The door does not necessarily need to slide as I am thinging about a hinged affair.

Cheers Guys & Girls,


Phil xx


----------



## Jim2109 (Mar 30, 2009)

im probably going with a hinged door on my viv as well, and am fairly set on using perspex (im going to try and get some lexan at a sensible price as it has better resistance to UV yellowing and scratches. those are the 2 major downfalls of plastics over glass though. as well as price, perspex costs more in the UK.

with regards temperature, glass is a really poor insulator, heat will just disappear through it. perspex is slightly better, still nowhere near as good as wood, but better than glass. thats one of the pros, as well as you can cut it at home, its lighter in weight, more resistant to cracking/breaking, if it scratches it can be polished smooth again whereas a scratch in glass is there for life, there are probably a few ive forgotten


----------



## themetz (Jun 14, 2009)

Hi All - 

Just thought I'd try and offer further advice ref Perspex (acrylic) and Lexan (polycarbonate).

Both would be a good "safe" alternative to glass and both are UV stable (if buying Lexan make sure it is LEXAN EXELL D, not 9030) - so won't yellow.

Perspex, in fact, offers much better resistance to scratching than Lexan and if it is scratched can also be polished back to pretty near new. It has improved impact resistance compared to glass of equal thickness too.
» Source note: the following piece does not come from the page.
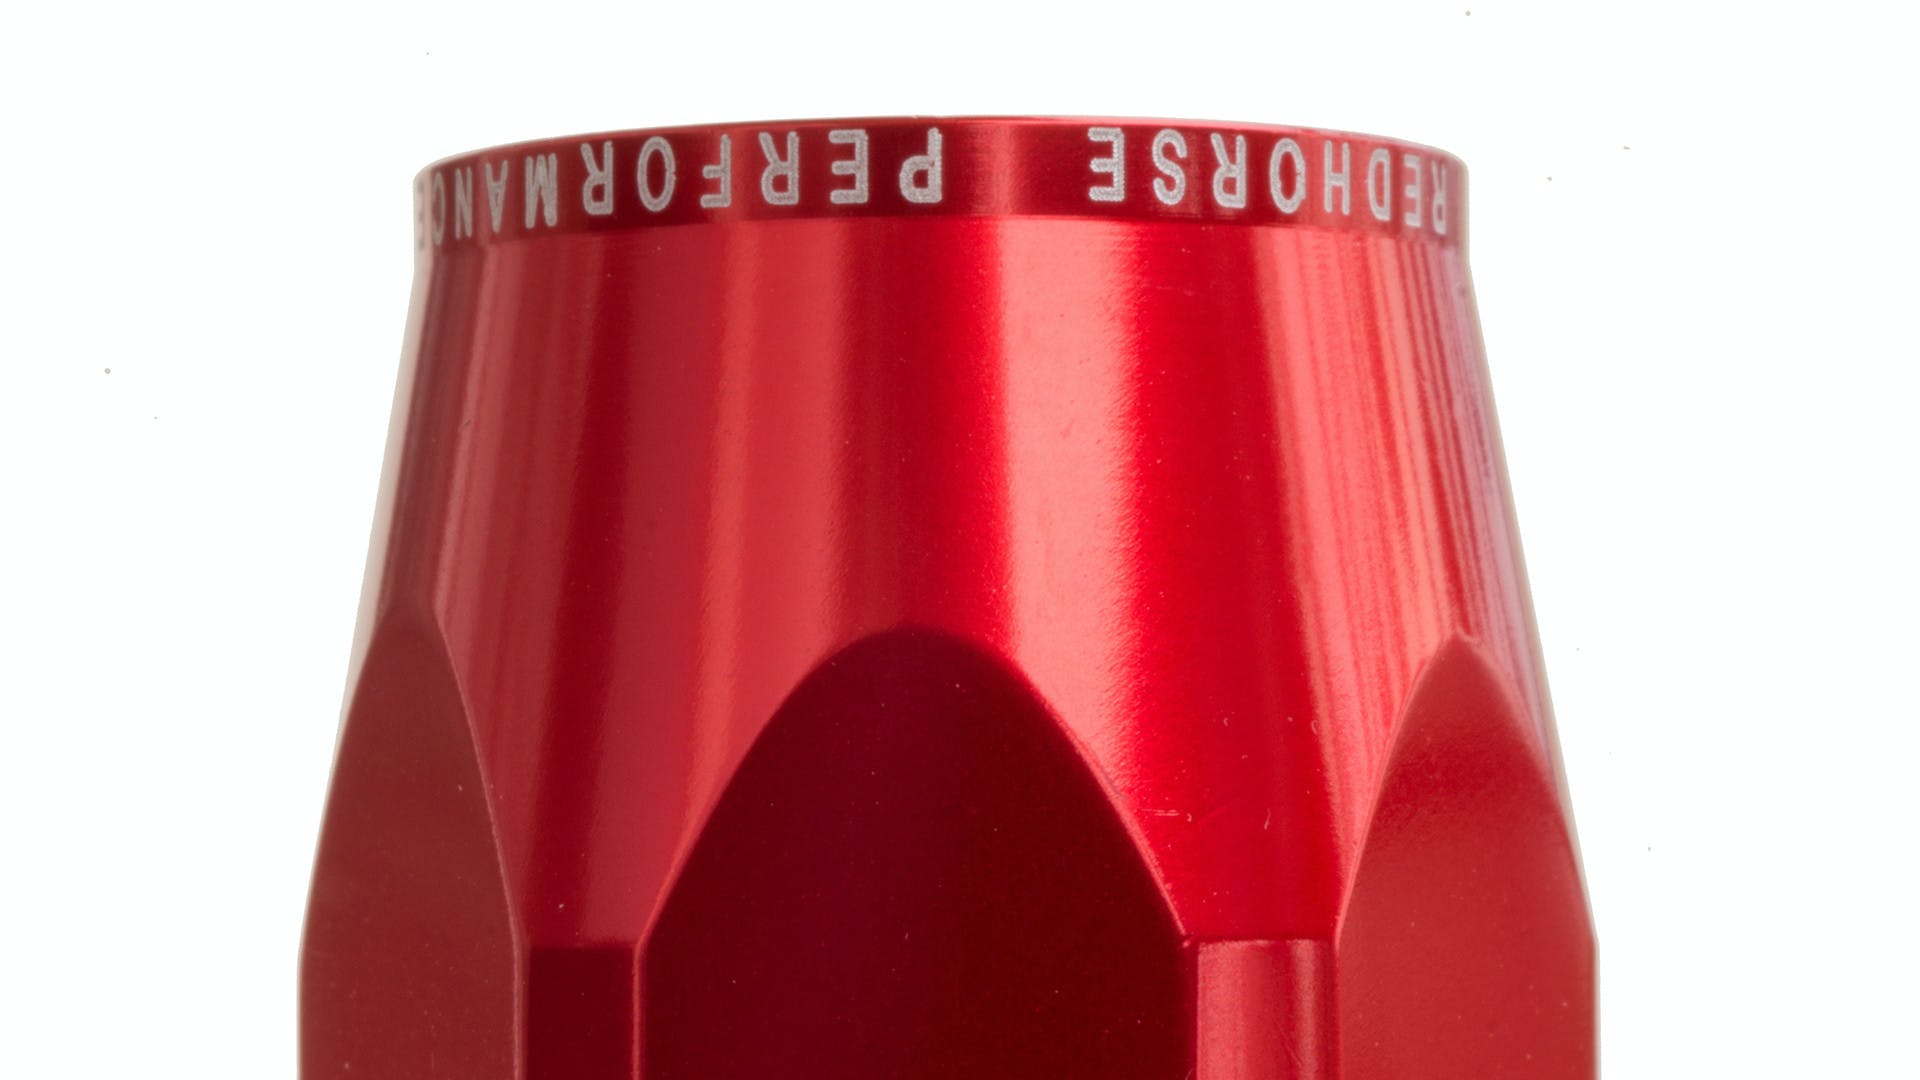 Redhorse Performance 1400-12-3 -12 hose end socket - red

It is also easily fabricated (eg gluing acrylic hinges/knobs/handles on etc)

When Lexan is scratched it can't be rescued! However Lexan offers the highest impact strength performance of any clear material.

This site is a good resource for info and place to buy Perspex sheet cut to size:
Perspex Sheet | Cast Perspex Sheet | Buy Online 

They also sell Lexan polycarbonate sheet and Perspex Polish!

Hope this helps - 

themetz


----------



## Jim2109 (Mar 30, 2009)

interesting, i always though polycarbonate was more scratch resistant than acrylic and was also polishable. if its not then the additional expense doesnt really make any sense over acrylic.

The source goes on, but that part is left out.